Népal - Kathmandu   

Relativite nepalaise 

Le Nepal est beau, magnifique, attachant. Mais il necessite une petite initiation si vous voulez en comprendre toutes les subtilites.


C'est d'autant plus flagrant lors d'un trek. Les Nepalais sont un peuple de marcheurs ; la difficulte n'est pas vecue de la meme facon. Osez demander comment est la route jusqu'a la prochaine etape : "Almost flat" (plutot plat) = ne soyez pas etonnes si sa monte et ca descend tout au long du trajet. On vous dit que ca monte "un peu" ? Attendez-vous a cracher vos poumons et a en chier. Combien de temps pour rejoindre le village ? 2 heures 30. Comptez 4 heures ! Ca marche vite, un Nepalais des montagnes.
La lodge a-t-elle l'eau chaude ? Bien sur ! et on vous offre genereusement un baquet avec 3 litres d'une eau a peine tiede. Et la salle de bain, parlons-en. Elle peut se resumer a une cabane bien ventillee avec 4 planches et aucune autre evacuation pour l'eau autre que le plancher.

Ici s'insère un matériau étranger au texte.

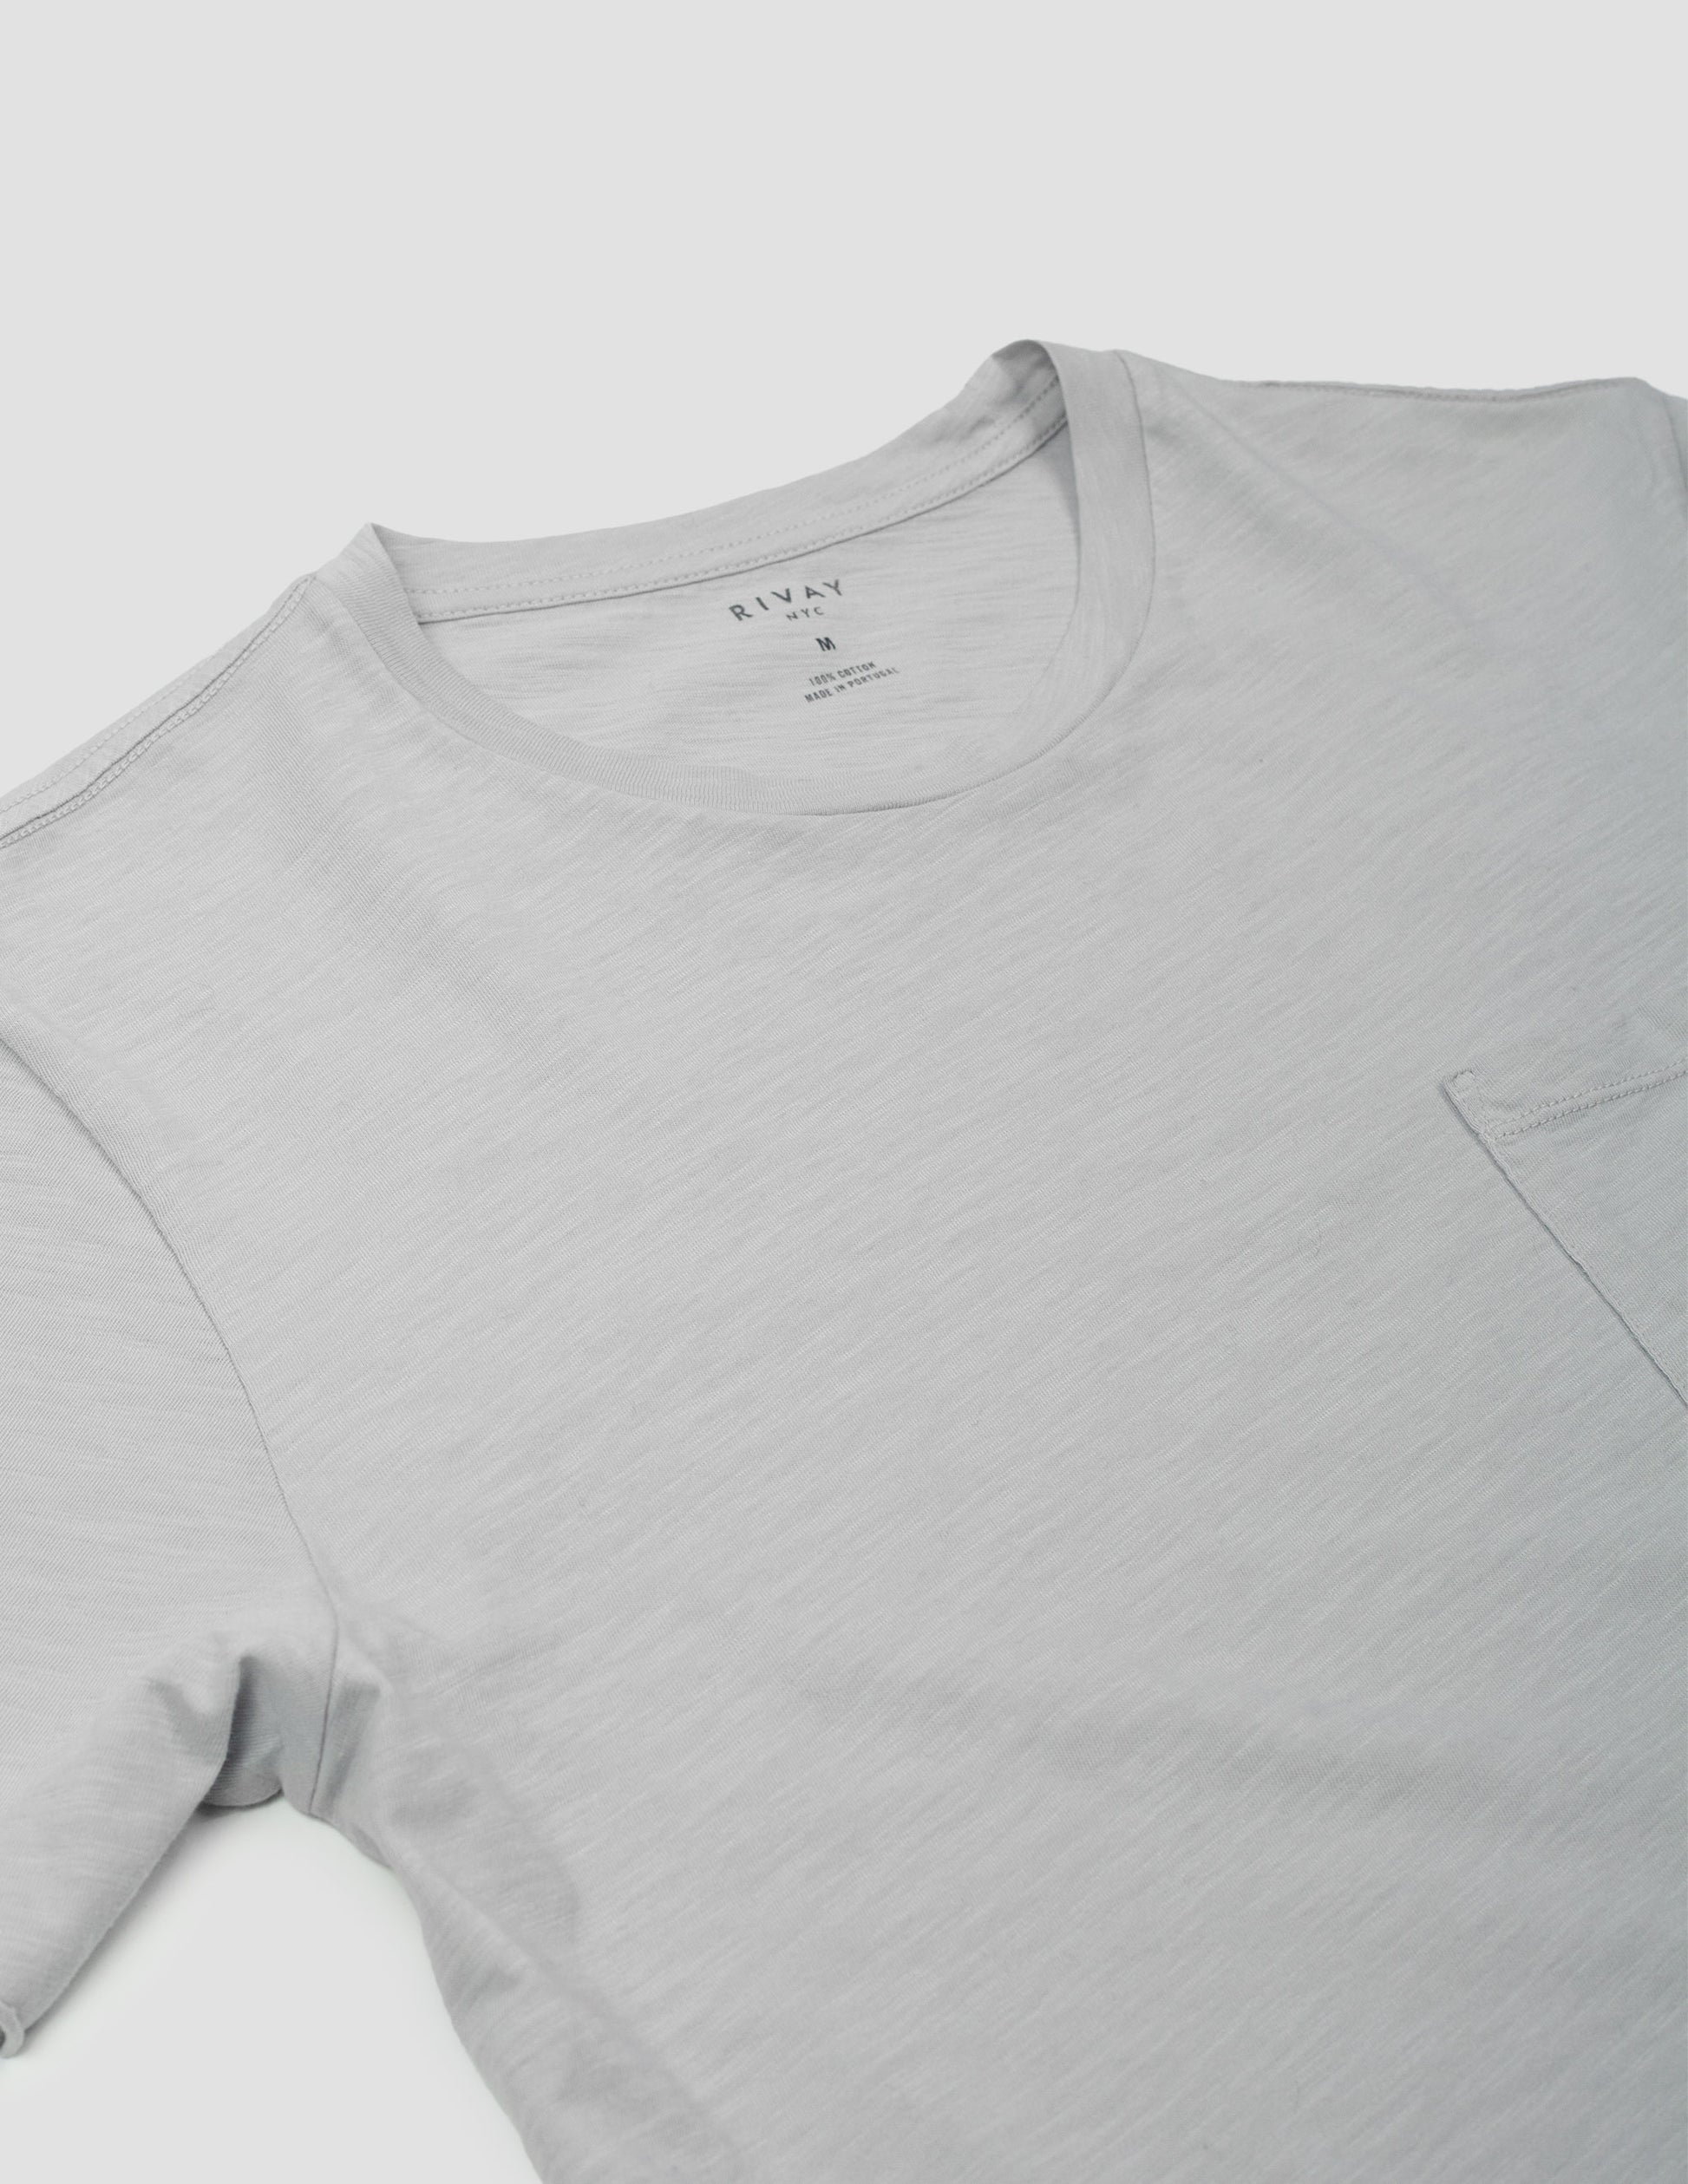 Rivay Men's Slub Cotton T-Shirt Pale Grey

Mais le plus subtil, c'est quand vous demandez si le bus ou l'avion part bien demain. Au Nepal, on n'est jamais sur de rien. Alors on vous repond "Yes, sure...may be. May be surely !" Nous, on y a cru jusqu'a 1 heure 30 apres l'heure prevue du depart. Puis le vol a ete annule. Mais on avait quand meme enregistre les bagages.
Au Nepal, on ne sait jamais. Il faut faire ses propres experiences... et son propre avis. Notamment pour les gouts alimentaires et plus particulierement la categorie friandises. Certaines ont la texture de materiel de construction et un gout de parfum pour homme qui vous reste 3 heures dans la bouche. Ou cette pate de fruits dont raffolent les enfants, extremement salee et épicee, avec un arriere-gout de viande sechee. Ou encore ces petits cubes de fromage tellement durs que pendant les 10 mn que j'ai tente de les mastiquer, je me suis demandee si c'etait vraiment comestible.
Mais de l'avis d'un Nepalais "It is very good " !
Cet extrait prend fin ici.